Caught by the River

BITCH

27th March 2022

An edited extract from Lucy Cooke’s revolutionary guide to sex, evolution and the female animal, published earlier this month by Doubleday.

Studying zoology made me feel like a sad misfit. Not because I loved spiders, enjoyed cutting up dead things I’d found by the side of road or would gladly root around in animal faeces for clues as to what their owner had eaten. All my fellow students shared the same curious kinks, so there was no shame there. No, the source of my disquiet was my sex. Being female meant just one thing: I was a loser. 

‘The female is exploited, and the fundamental evolutionary basis for the exploitation is the fact that eggs are larger than sperms,’ wrote my college tutor Richard Dawkins in his bestselling evolutionary bible, The Selfish Gene

According to zoological law, we egg-makers had been betrayed by our bulky gametes. By investing our genetic legacy in a few nutrient-rich ova, rather than millions of mobile sperm, our forebears had pulled the short straw in the primeval lottery of life. Now we were doomed to play second fiddle to the sperm-shooters for all eternity; a feminine footnote to the macho main event. 
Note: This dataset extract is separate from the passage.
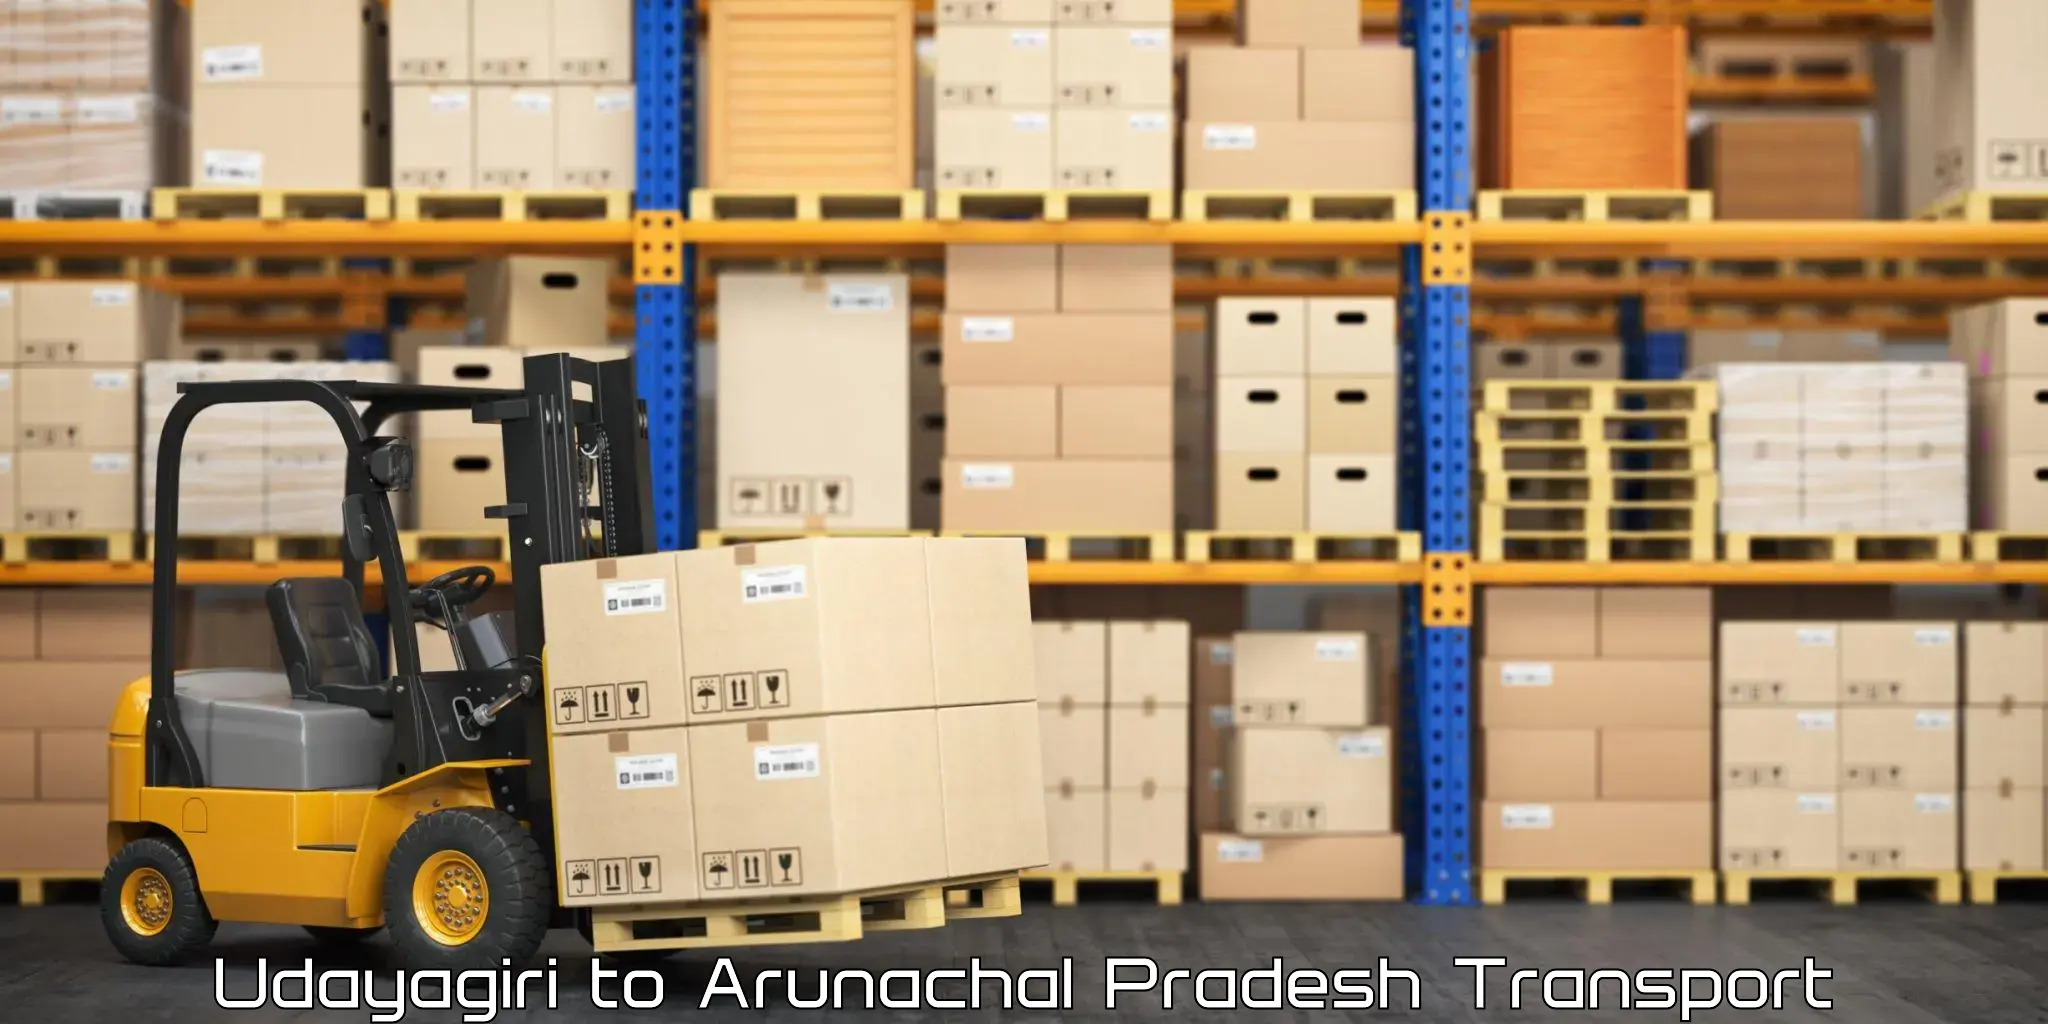 Furniture transport service Udayagiri to Arunachal Pradesh

I was taught that this apparently trivial disparity in our sex cells laid cast-iron biological foundations for sexual inequality. ‘It is possible to interpret all other differences between the sexes as stemming from this one basic difference,’ Dawkins told us. ‘Female exploitation begins here.’ 

Male animals led swashbuckling lives of thrusting agency. They fought one another over leadership or possession of females. They shagged around indiscriminately, propelled by a biological imperative to spread their seed far and wide. And they were socially dominant; where males led, females meekly followed. A female’s role was as selfless mother, naturally; as such, maternal efforts were deemed all alike: we had zero competitive edge. Sex was a duty rather than a drive. 

And as far as evolution was concerned it was males who drove the bus of change. We females could hop on for a ride thanks to shared DNA, as long as we promised to keep nice and quiet. 

As an egg-making student of evolution, I couldn’t see my reflection in this fifties sitcom of sex roles. Was I some kind of female aberration? 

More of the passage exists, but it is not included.